Topping $24 million would only seem to match the confidence the insiders have which is exhibited by the insiders never selling shares while increasing their percentage of the O/S, the increasing size of our inventory, the BBCo deal to produce more bourbon in 2018, the Goslings national TV campaign, allowing the S3 to expire without filing a new one to raise equity cash, and what we hope to learn about the KAD expansion deal regarding ROX's involvement if any.
It is also important that another analyst firm (ROTH) is covering ROX now. They have no skin in the game. Barrington who did cover ROX was also the company selling the S3 shares.
So who knows, maybe ROX will file another S3 and ROTH will be the seller of S3 shares.
I don't know, but if ROX is investing / participating in the $5.5 million KAD expansion, the money has to come from somewhere. I would think either insider loans as they have done in the past, or S3 money. We'll see.
Here's another great big tell we can look forward to if it ever happens ... it will be a huge milestone when ROX holds it's first analyst call. Therefore ROX needs a third company to cover them.

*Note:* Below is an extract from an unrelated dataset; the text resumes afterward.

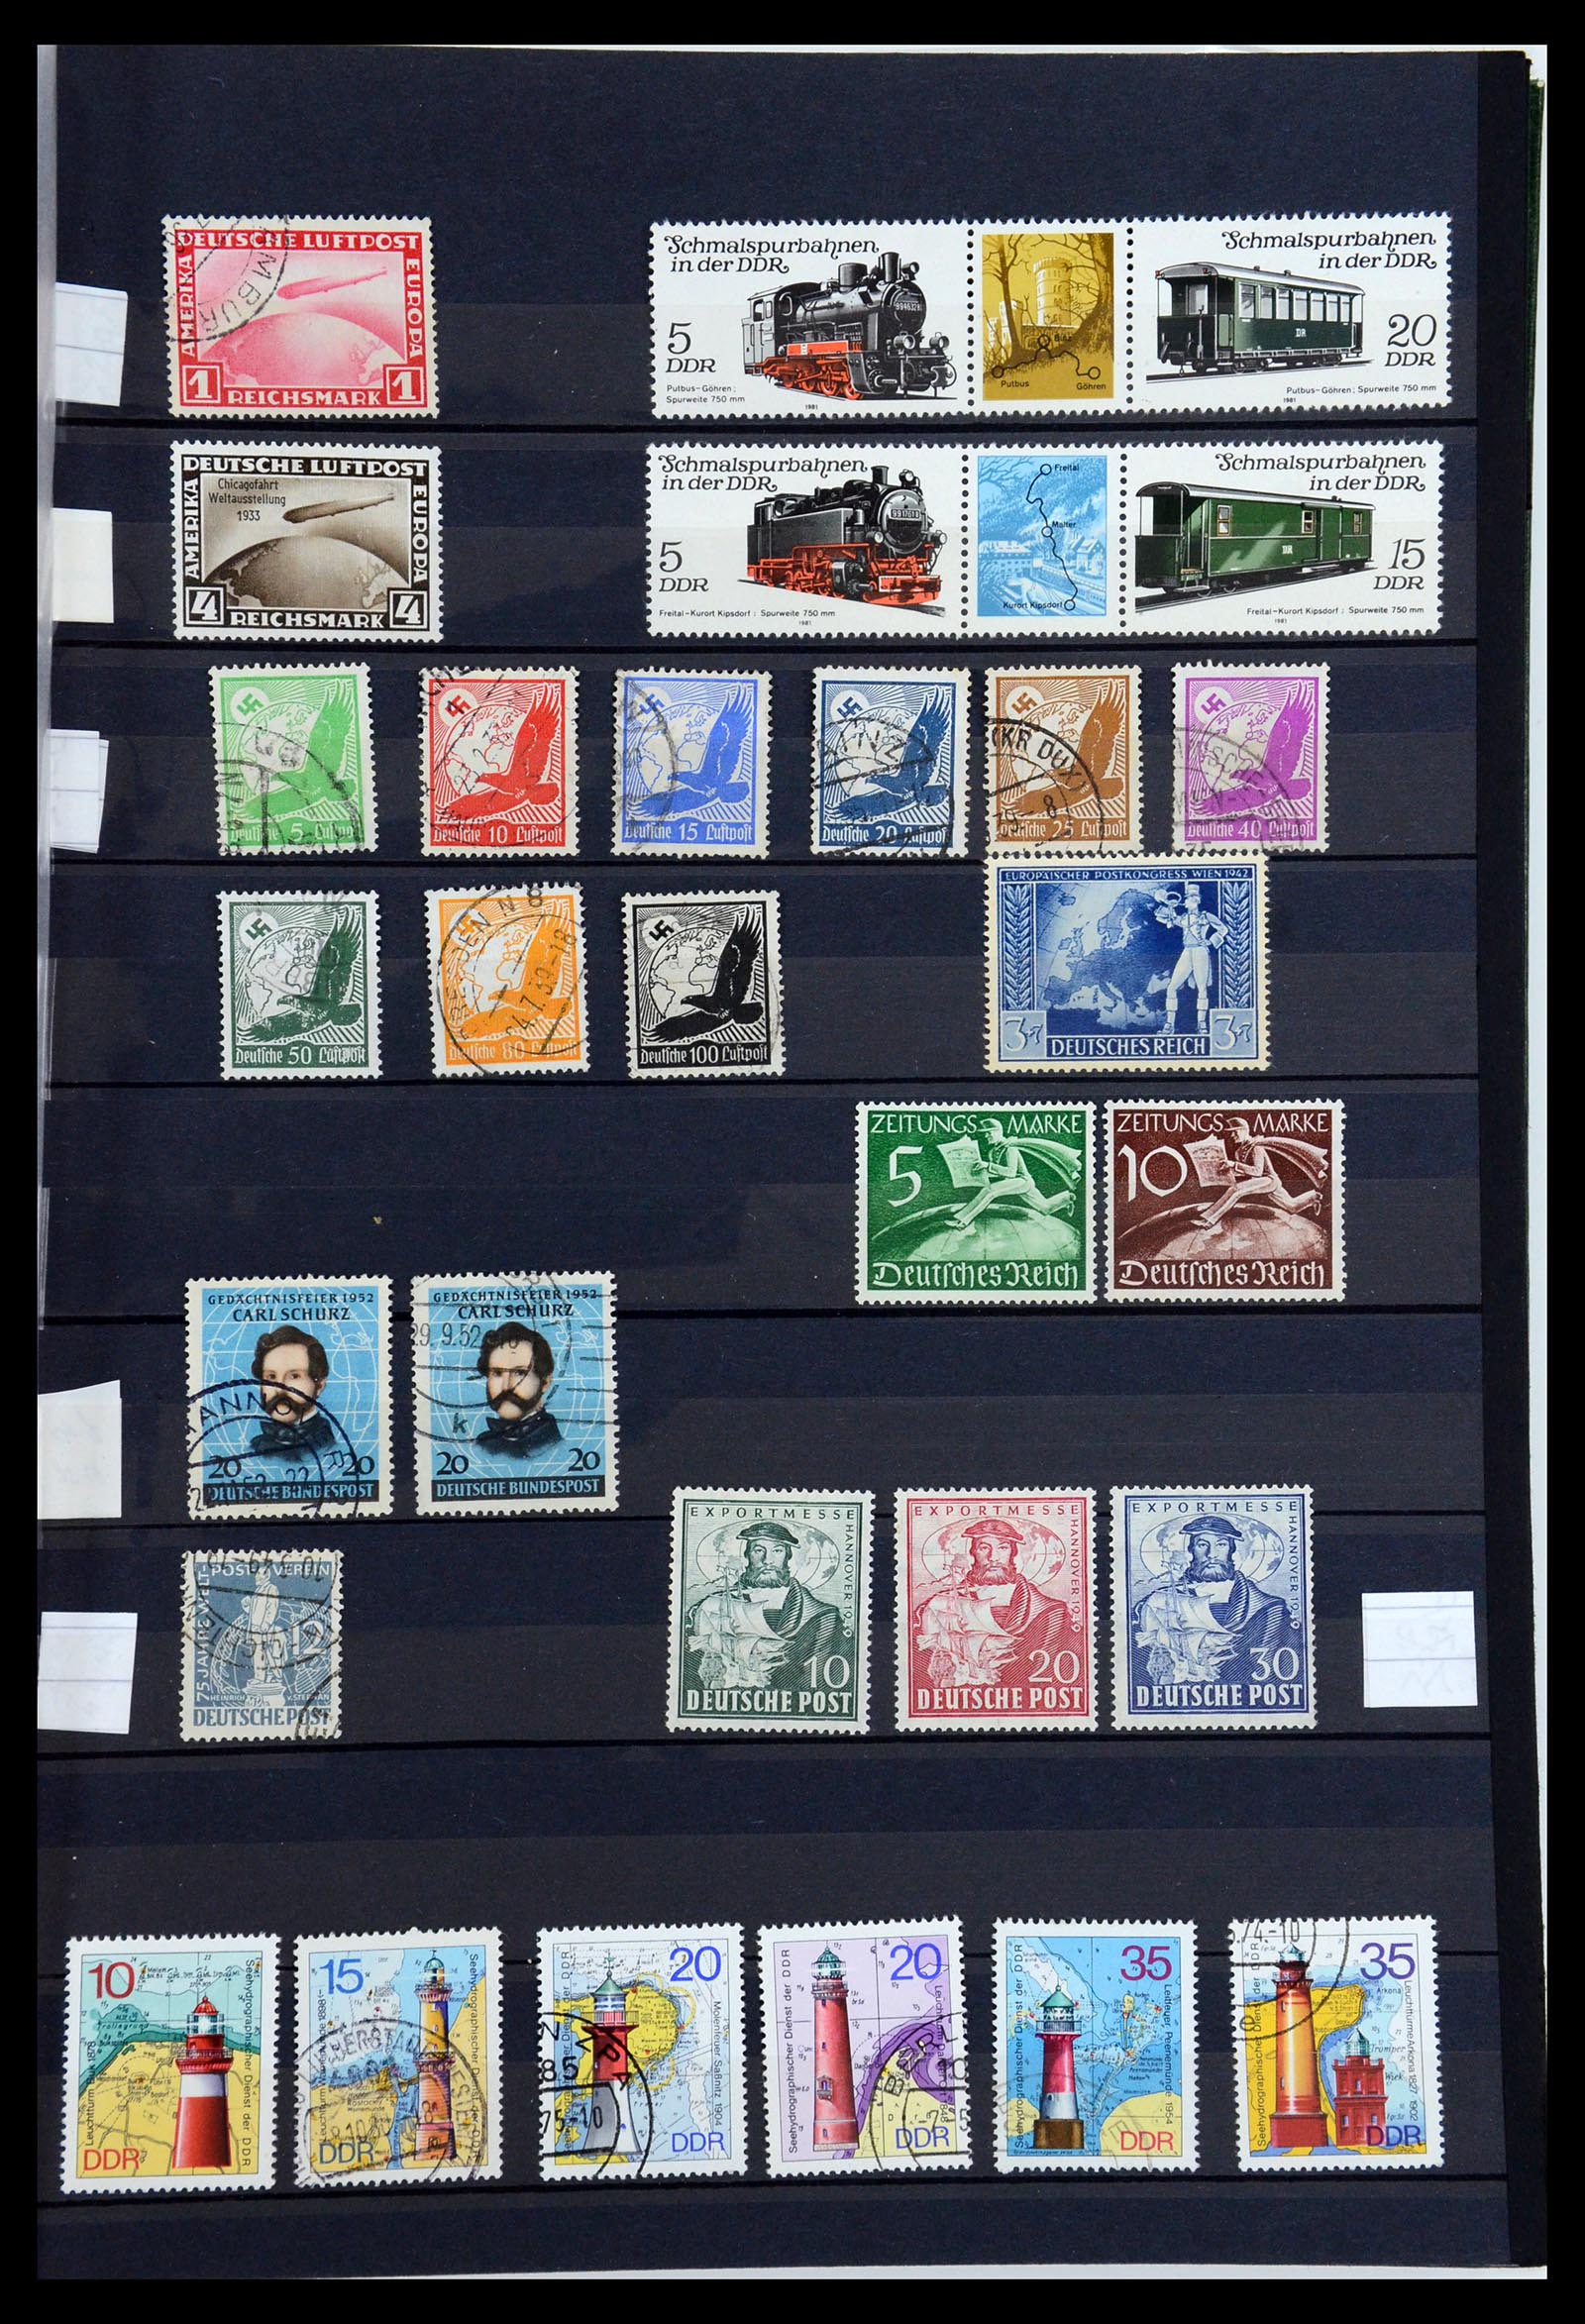 36238 009 - Postzegelverzameling 36238 Motief landkaarten 1900-2000.

I continue to believe it's all going to happen when they can push revenues over $100 million and they'll be whole penny(s) GAAP black at the same time.
Concluding, I believe and hope the insiders are manipulating revenues and expenses. If so, revenues for the 3rd fiscal Q can top $24 million and ROX can be whole penny GAAP black.
If the revenues disappoint us, the PPS might be challenging sub-$1 on February 12th.
If revenues top $24 million, I believe the PPS will be challenging ROTH's $2.60 PT on February 12th.